A CPU executing with console lock spinning enabled might be halted
during a panic. Before the panicking CPU calls console_flush_on_panic(),
it may call console_trylock(), which attempts to optimistically spin,
deadlocking the panic CPU:

CPU 0 (panic CPU) CPU 1
----------------- ------
printk() {
vprintk_func() {
vprintk_default() {
vprintk_emit() {
console_unlock() {
console_lock_spinning_enable();
... printing to console ...
panic() {
crash_smp_send_stop() {
NMI -------------------> HALT
}
atomic_notifier_call_chain() {
printk() {
...
console_trylock_spinnning() {
// optimistic spin infinitely

This hang during panic can be induced when a kdump kernel is loaded, and
crash_kexec_post_notifiers=1 is present on the kernel command line.
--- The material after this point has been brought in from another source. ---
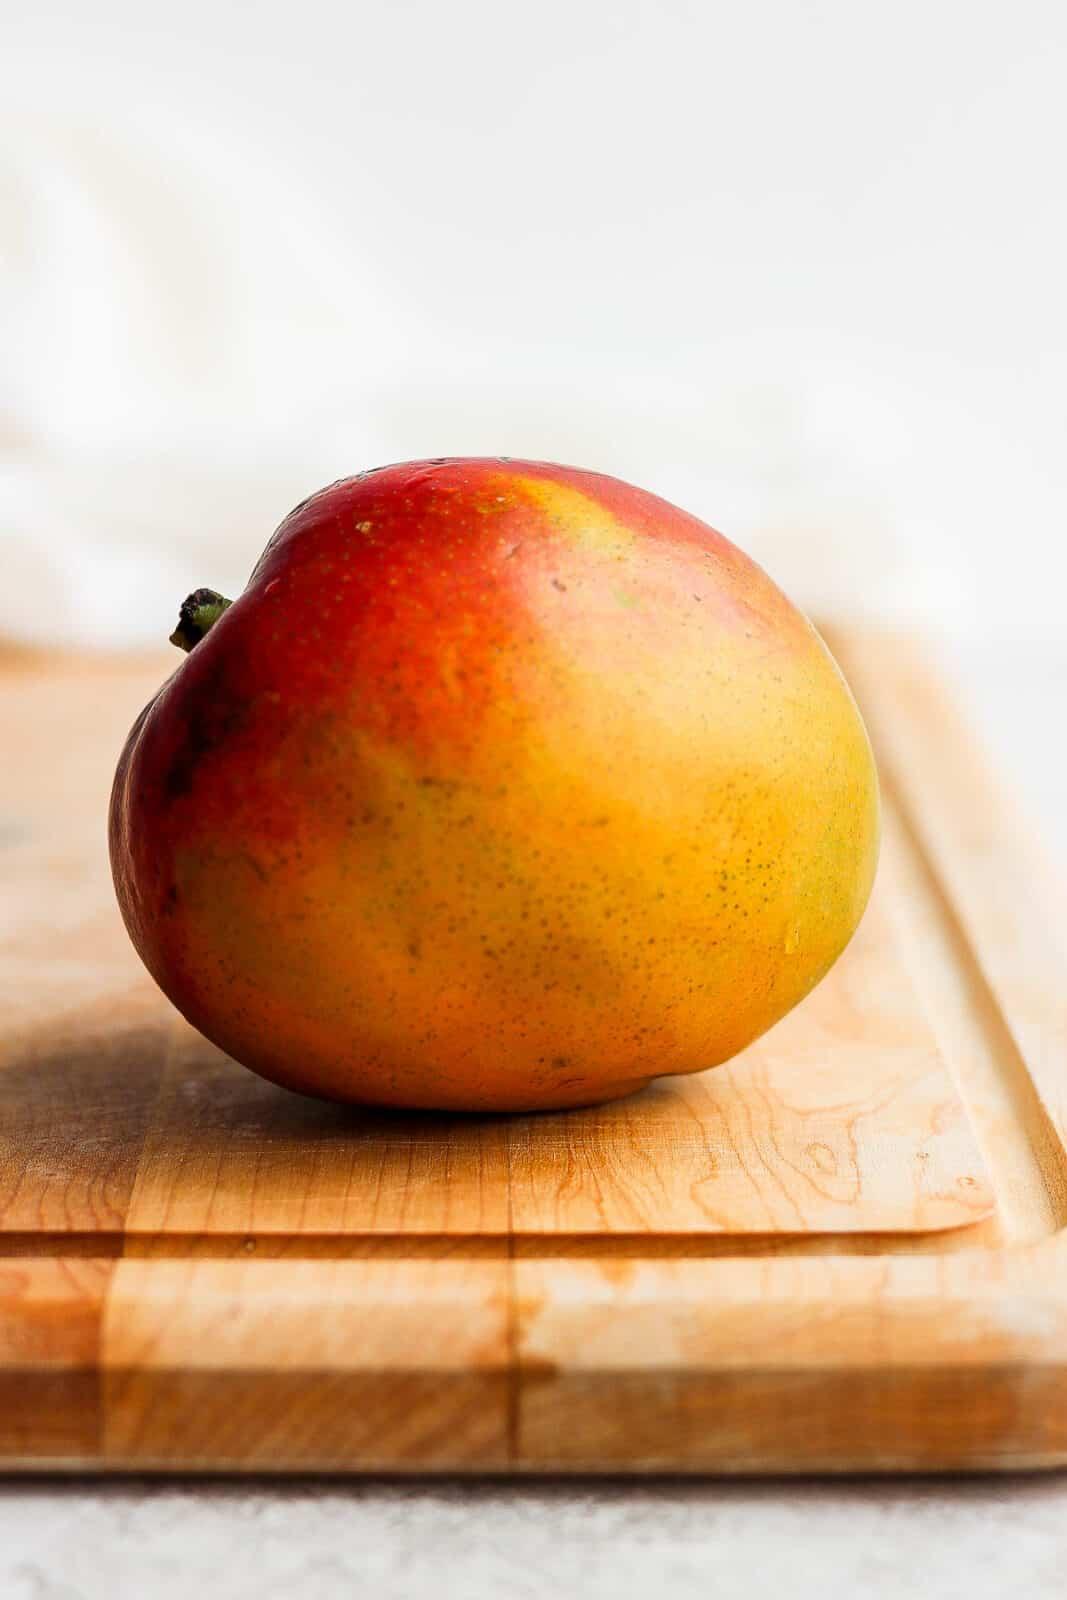 A ripe mango on a cutting board.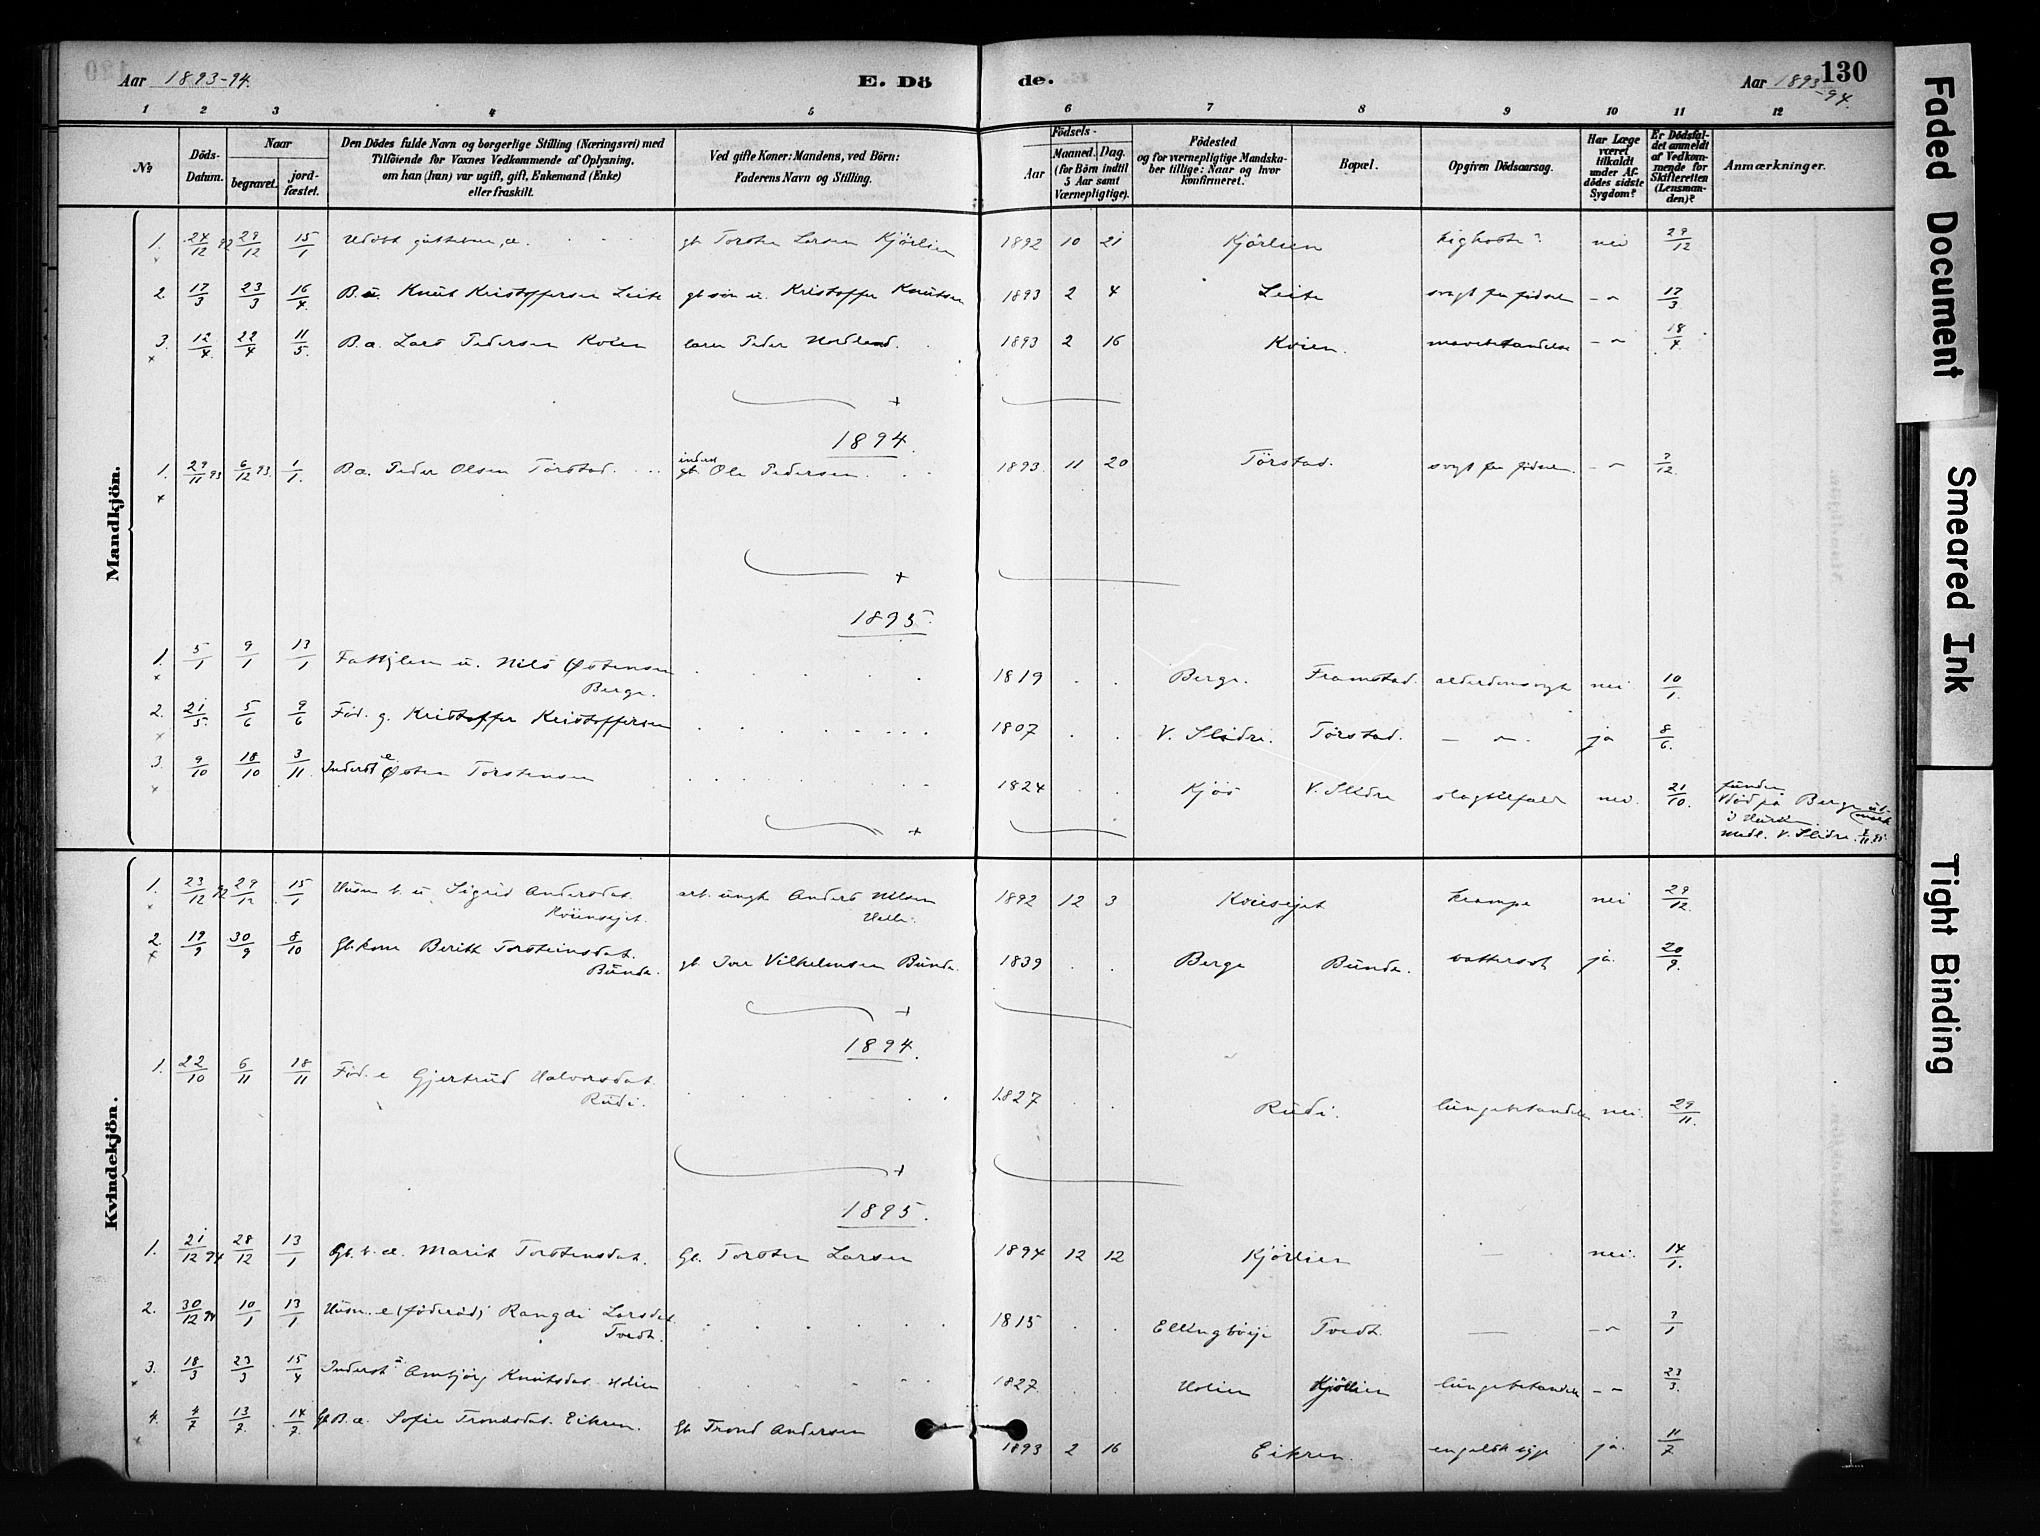 SAH, Vang prestekontor, Valdres, Ministerialbok nr. 9, 1882-1914, s. 130

The
following script which concurrently writes to /dev/kmsg, and triggers a
panic, can result in this hang:

#!/bin/bash
date
# 991 chars (based on log buffer size):
chars="$(printf 'a%.0s' {1..991})"
while :; do
echo $chars > /dev/kmsg
done &
echo c > /proc/sysrq-trigger &
date
exit

To avoid this deadlock, ensure that console_trylock_spinning() does not
allow spinning once a panic has begun. Below are the hang rates for the
above test case, based on v5.16-rc8 before and after this patch:

before: 776 hangs / 1484 trials - 52.3%
after : 0 hangs / 102 trials - 0.0%

Fixes: dbdda842fe96 ("printk: Add console owner and waiter logic to load balance console writes")

Signed-off-by: Stephen Brennan <[email protected]>
---

Note: I continue to run my tests past 100 trials, but at this point I'm
confident enough in the fix to send the patch.

As Petr suggested I will send another patch making the non-panic CPUs
bail out of console_unlock(), but I wanted to get this one first, since
it is implemented and ready now.

kernel/printk/printk.c | 10 ++++++++++
1 file changed, 10 insertions(+)

diff --git a/kernel/printk/printk.c b/kernel/printk/printk.c
index 57b132b658e1..612ed895b967 100644
--- a/kernel/printk/printk.c
+++ b/kernel/printk/printk.c
@@ -1843,6 +1843,16 @@ static int console_trylock_spinning(void)
if (console_trylock())
return 1;

+ /*
+ * It's unsafe for the panic CPU to spin, since the CPU holding the
+ * console_sem may have already been halted. However, if a panic has
+ * started, but we're not the panic CPU, we still spin. This protects
+ * the panic CPU from needing to write out messages buffered by other
+ * CPUs in console_unlock().
+ */
+ if (atomic_read(&panic_cpu) == raw_smp_processor_id())
+ return 0;
+
printk_safe_enter_irqsave(flags);

raw_spin_lock(&console_owner_lock);
--
2.30.2